3.3. External Cameras
JamSail will include a number of external-facing cameras, including one each on the ±Z faces, pointing nadir and zenith. These cameras serve two main purposes: attitude verification and outreach and will be composed of low-cost, commercial off-the-shelf hardware. The images these cameras capture will be broadcast on amateur radio frequencies unencrypted to be received by anyone with suitable radio equipment.
The attitude verification functionality of these external cameras serves to provide infrequent manual visual confirmation of the ADCS’s ability to orient the spacecraft to the correct attitude. This process will use major identifiable objects and features in the captured images to calculate the visually observed attitude via post-processing on ground and confirm if this is consistent with the attitude reported by on-board sensors. As the ADCS will be aiming to maintain a fixed nadir–zenith orientation for the Z-axis for purposes of the GNSS payload, the images produced by the cameras on the ±Z faces will allow the team to confirm this orientation has been reached and is maintained throughout the operational lifetime of the GNSS payload. If the images produced indicate the spacecraft is oriented differently to the numerical sensor data, adjustments to the pointing algorithm can be uplinked to mitigate against any sensor errors that are identified. Such an attitude verification process is included as a redundant safety feature and is not expected to be used except in cases of suspected errors in sensor data, where anomalous or conflicting values are observed.

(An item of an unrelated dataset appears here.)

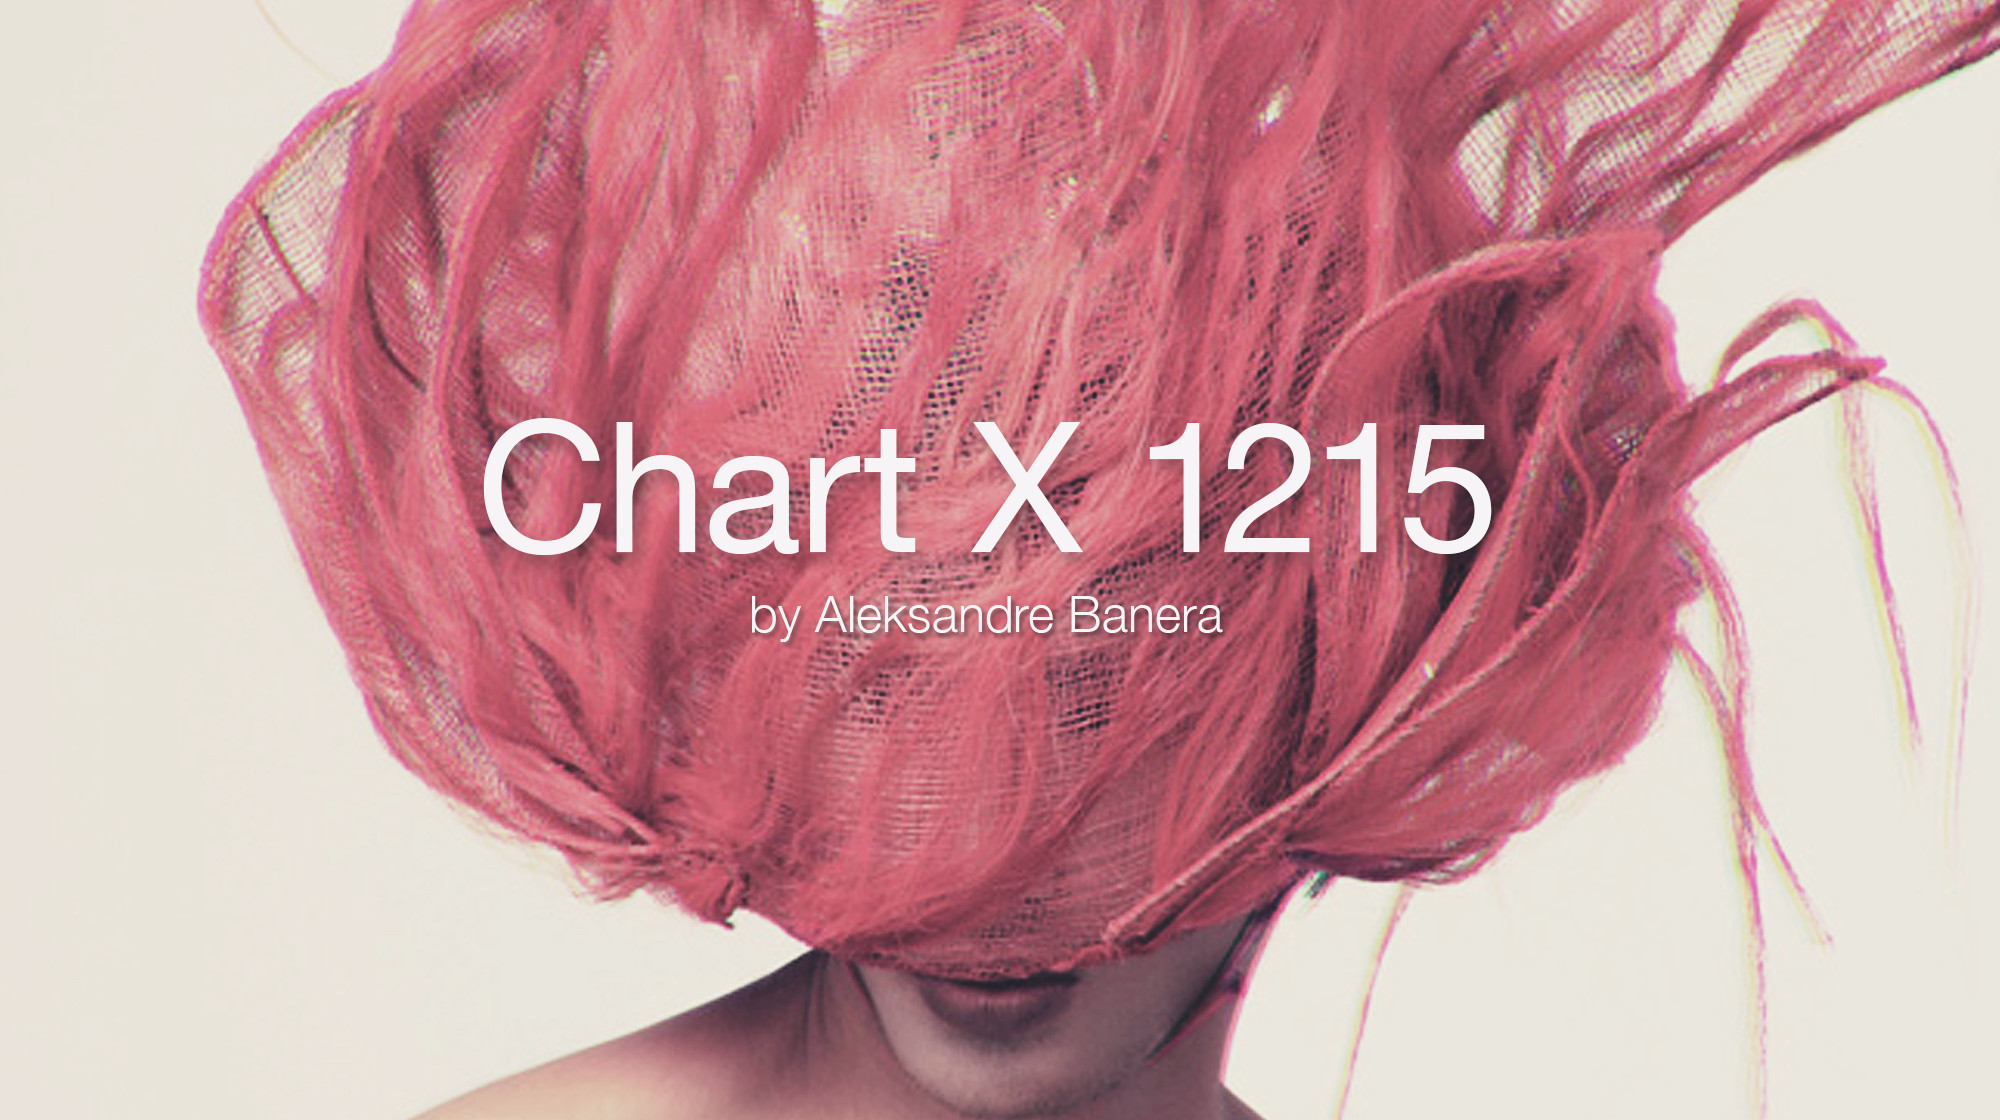 Chart X 1215 by Aleksandre Banera

In addition, the external cameras will provide important functionality for outreach and education. The images captured by these cameras, both of Earth and of deep space, will be transmitted openly via the radio to amateur radio enthusiasts all over the world, strengthening ties with existing collaborative partners in the local area and building new ties with amateur radio communities elsewhere. Importantly, these images will be transmitted at a suitably low resolution such that a whole image may be received even during short passes where the spacecraft is only visible for a few minutes. By designing the payload in this way, it introduces an opportunity for the educational use of JamSail by schools all over the world, where collaboration with local amateur radio communities can allow schoolchildren to receive their own photos of Earth from space. In particular, specific outreach campaigns will be scheduled throughout the mission, in which specific images of interest are transmitted at pre-advertised times to encourage participation.
Neither of these camera functions requires the camera to be pointed in any specific direction. For attitude verification functionality, they will operate as engineering cameras, providing an independent source of (approximate) attitude detection and verification, which will produce useful data regardless of spacecraft attitude. For amateur radio activities, JamSail will be capturing images as it orbits, and, due to the nature of the activity, it is not designed for taking photos of specific regions. As such, the external camera payload does not produce any requirements or constraints regarding pointing or stability.